Tony£¬a 110kg football player£¬has a fever of 39celcius. What mass of water must evaporate from his body to cool him to 37celcius£¿
assuming he is mostly water,
heat= 110*cwater*2
but heat also = masswaterevap*Lv
set them equal, and solve.
To determine the mass of water that needs to evaporate from Tony's body in order to cool him to 37 degrees Celsius, we can use the specific heat capacity equation:
Q = mcΔT
where:
Q = heat transferred (in joules)
m = mass of the substance (in this case, water)
c = specific heat capacity of water (approximately 4.18 J/g°C)
ΔT = change in temperature (in this case, the difference between 39°C and 37°C)

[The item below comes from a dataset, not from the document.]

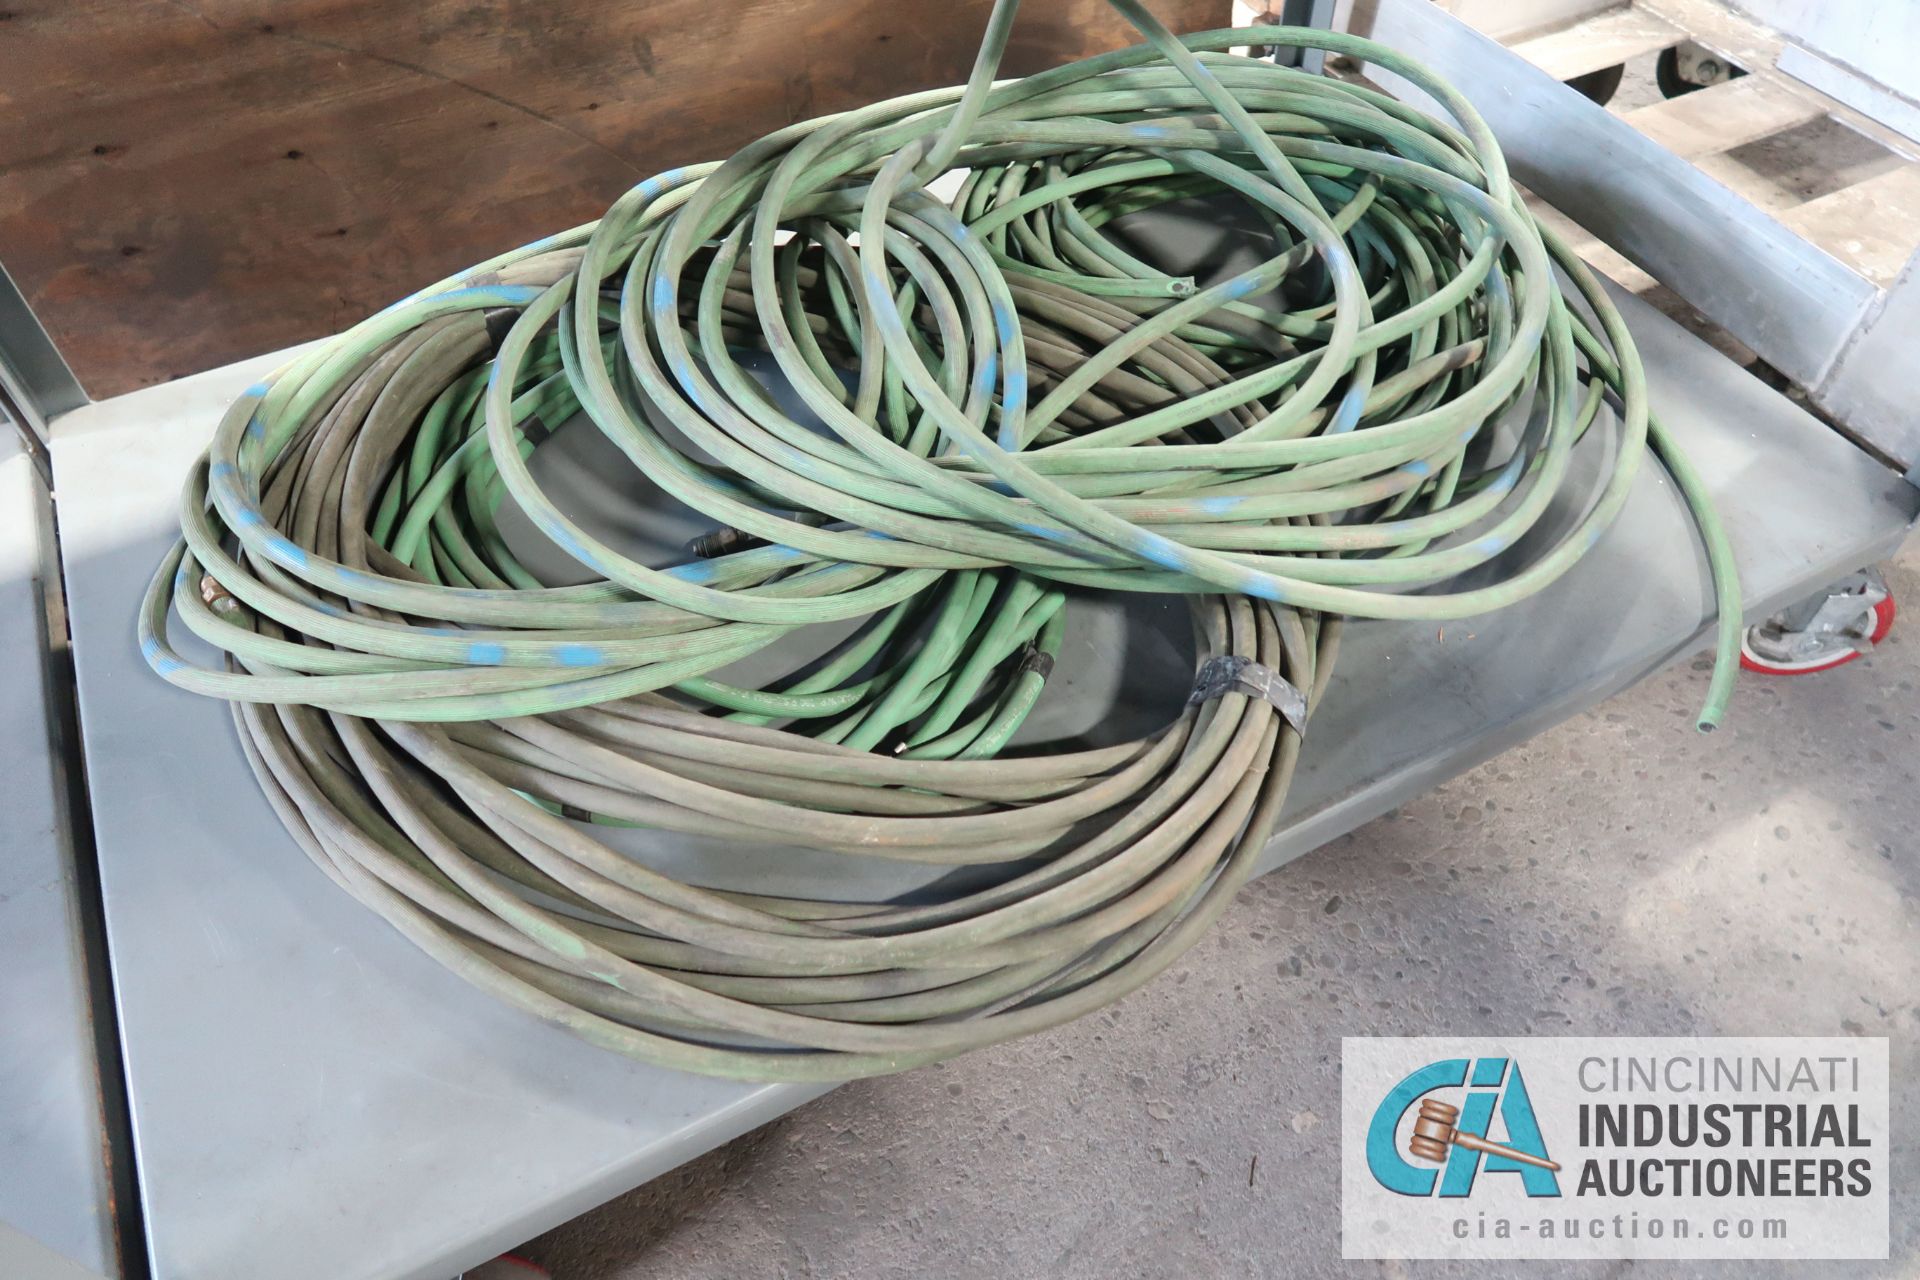 (LOT) MISCELLANEOUS USED GAS VINYL LINED HOSE **NO CART - CONTENTS ONLY** - Image 2 of 2

First, let's calculate the heat transferred:
Q = mcΔT
Since the heat transferred is equal to the heat absorbed by Tony's body, we can assume that:
Q = mwater × cwater × ΔTwater
Now we need to convert the mass of Tony (given in kilograms) to grams:
mplayer = 110 kg = 110,000 g
We also need to calculate the temperature difference:
ΔTwater = 39°C - 37°C = 2°C
Now we can rearrange the equation to solve for the mass of water:
mwater = Q / (cwater × ΔTwater)
Calculating the heat transferred (Q):
Q = mplayer × cplayer × ΔTplayer
Since we know the specific heat capacity of the human body is approximately 3.5 J/g°C, we have:
Q = 110,000 g × 3.5 J/g°C × (39°C - 37°C)
Q = 110,000 g × 3.5 J/g°C × 2°C
Q = 770,000 J
Now we can substitute the calculated values into the equation:
mwater = 770,000 J / (4.18 J/g°C × 2°C)
mwater ≈ 92,344.5 g
Therefore, approximately 92,344.5 grams (or 92.34 kg) of water must evaporate from Tony's body to cool him from 39°C to 37°C.